Personal information
- Full name: Mohammad Ashfaq Ahmed
- Born: 26 March 1985 (age 41) Lahore, Pakistan

International information
- National side: United Arab Emirates;
- ODI debut (cap 72): 11 January 2018 v Ireland
- Last ODI: 16 April 2019 v Zimbabwe
- T20I debut (cap 41): 22 October 2018 v Australia
- Last T20I: 19 October 2019 v Ireland

Career statistics
| Competition | ODI | T20I | FC | LA |
| Matches | 16 | 6 | 18 | 49 |
| Runs scored | 344 | 21 | 567 | 1,265 |
| Batting average | 21.50 | 3.50 | 19.55 | 25.81 |
| 100s/50s | 0/2 | 0/0 | 0/2 | 2/5 |
| Top score | 92 | 8 | 82 | 114 |
| Balls bowled | 223 | 12 | 290 | 470 |
| Wickets | 4 | 1 | 7 | 10 |
| Bowling average | 46.25 | 14.00 | 20.42 | 43.50 |
| 5 wickets in innings | 0 | 0 | 0 | 0 |
| 10 wickets in match | 0 | 0 | 0 | 0 |
| Best bowling | 2/55 | 1/14 | 2/19 | 2/5 |
| Catches/stumpings | 6/– | 1/– | 12/– | 17/– |
- Source: Cricinfo, 19 October 2019

= Ashfaq Ahmed (Emirati cricketer) =

Emirati cricketer (born 1985)

Mohammad Ashfaq Ahmed (born 26 March 1985), commonly shortened as Ashfaq Ahmed or Mohammad Ashfaq, is a Pakistani-born cricketer who played for the United Arab Emirates national cricket team.

==In Pakistan==
In a Twenty20 match for Lahore Eagles against Rawalpindi Rams, Ashfaq scored 99 runs not out off 58 balls. He reached 99 when Lahore still needed three runs for victory, then Rawalpindi bowler Najaf Shah deliberately bowled a wide ball down the leg side which went for four runs, handing Lahore the victory but preventing Ashfaq from scoring his maiden century. So upset were the Lahore team with this negative tactic that they refused to shake hands with the Rawalpindi players.

==In the UAE==
Ashfaq made his List A debut for the United Arab Emirates against Nepal in the 2015–17 ICC World Cricket League Championship on 6 December 2017.

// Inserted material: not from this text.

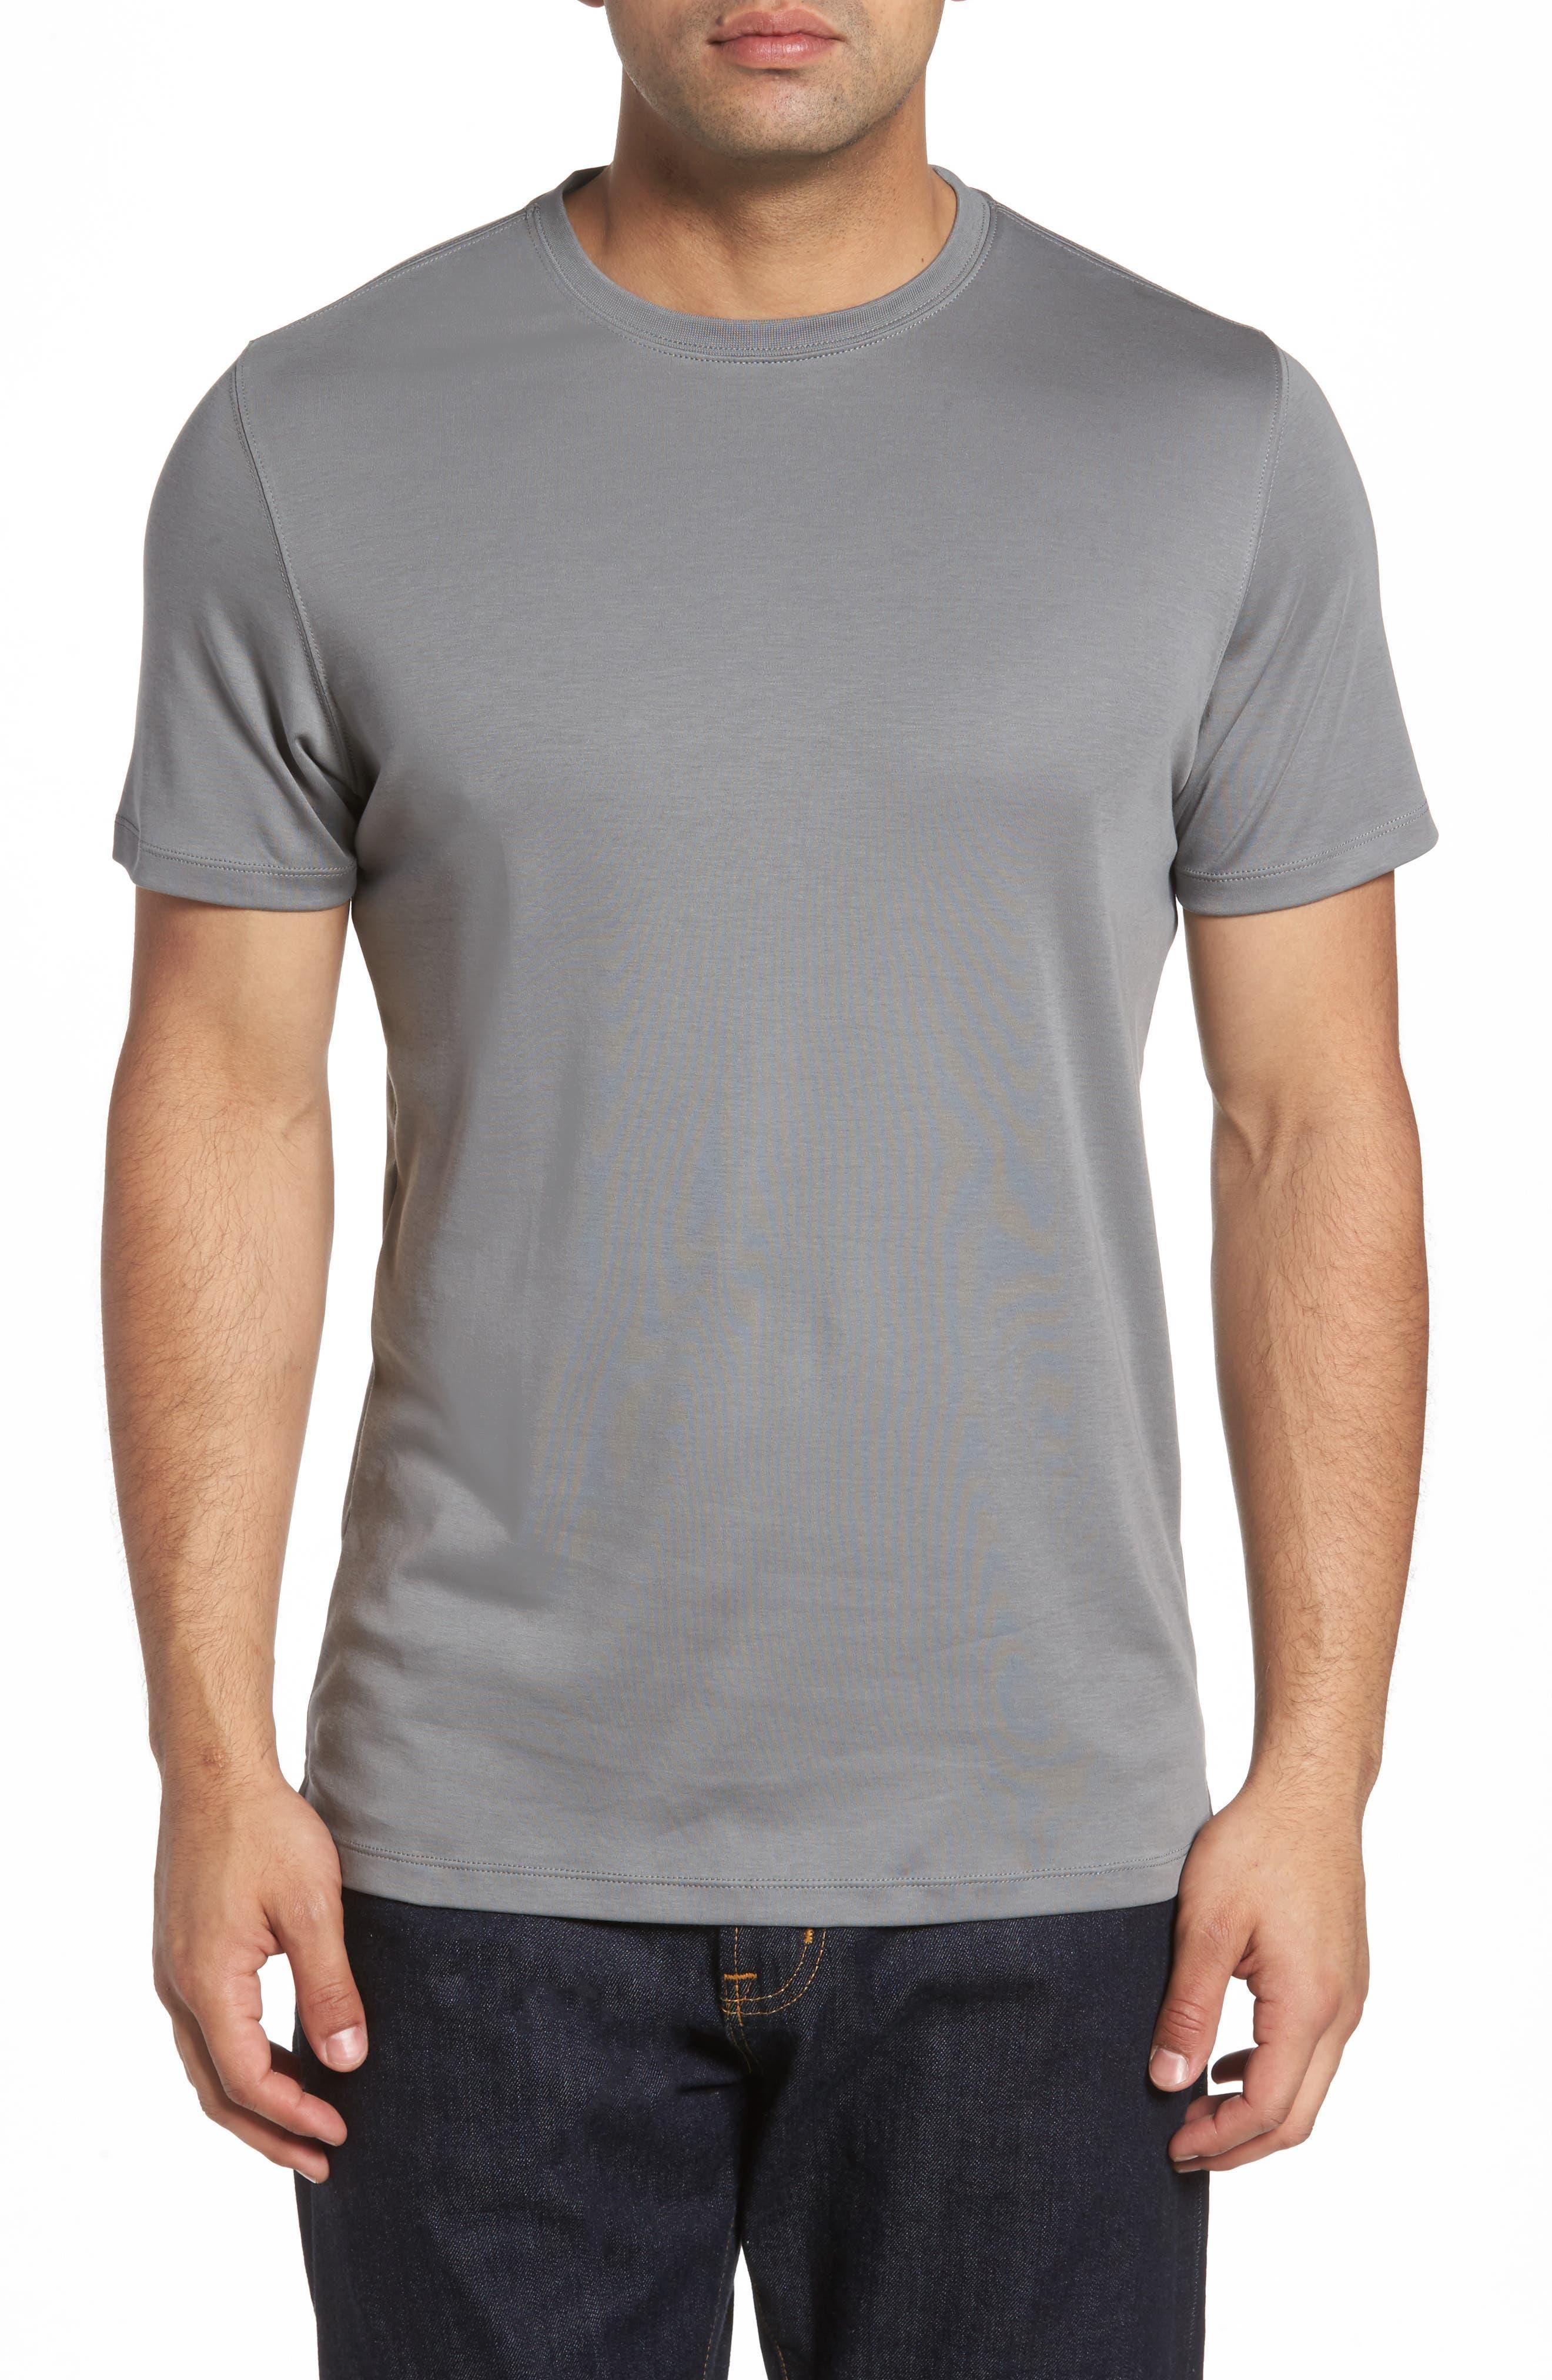 Main Image - Robert Barakett 'Georgia' Crewneck T-Shirt

In January 2018, he was named in the UAE's One Day International (ODI) squad for the tri-series against Ireland and Scotland. He made his ODI debut against Ireland in the tri-series on 11 January 2018. Later the same month, he was named in the UAE squad for the 2018 ICC World Cricket League Division Two tournament.

In August 2018, he was named in the UAE squad for the 2018 Asia Cup Qualifier tournament.

He made his Twenty20 International (T20I) debut against Australia in a one-off match on 22 October 2018.

In December 2018, he was named in the United Arab Emirates' team for the 2018 ACC Emerging Teams Asia Cup. He was the leading run-scorer for the United Arab Emirates in the tournament, with 167 runs in three matches.

In September 2019, he was named in the United Arab Emirates' squad for the 2019 ICC T20 World Cup Qualifier tournament in the UAE. Ahead of the tournament, the International Cricket Council (ICC) named him as the player to watch in the UAE's squad. However, on 21 October 2019, he became the fourth UAE cricketer to be suspended by the ICC, following an investigation into corruption. Ahmed had played in the first two matches for the team in the tournament. In September 2020, Ahmed, along with his UAE teammate Amir Hayat, was charged under the ICC's anti-corruption rules, and was suspended from cricket with immediate effect. In July 2021, the ICC banned both Ashfaq and Hayat from all cricket for eight years, backdated to 13 September 2020.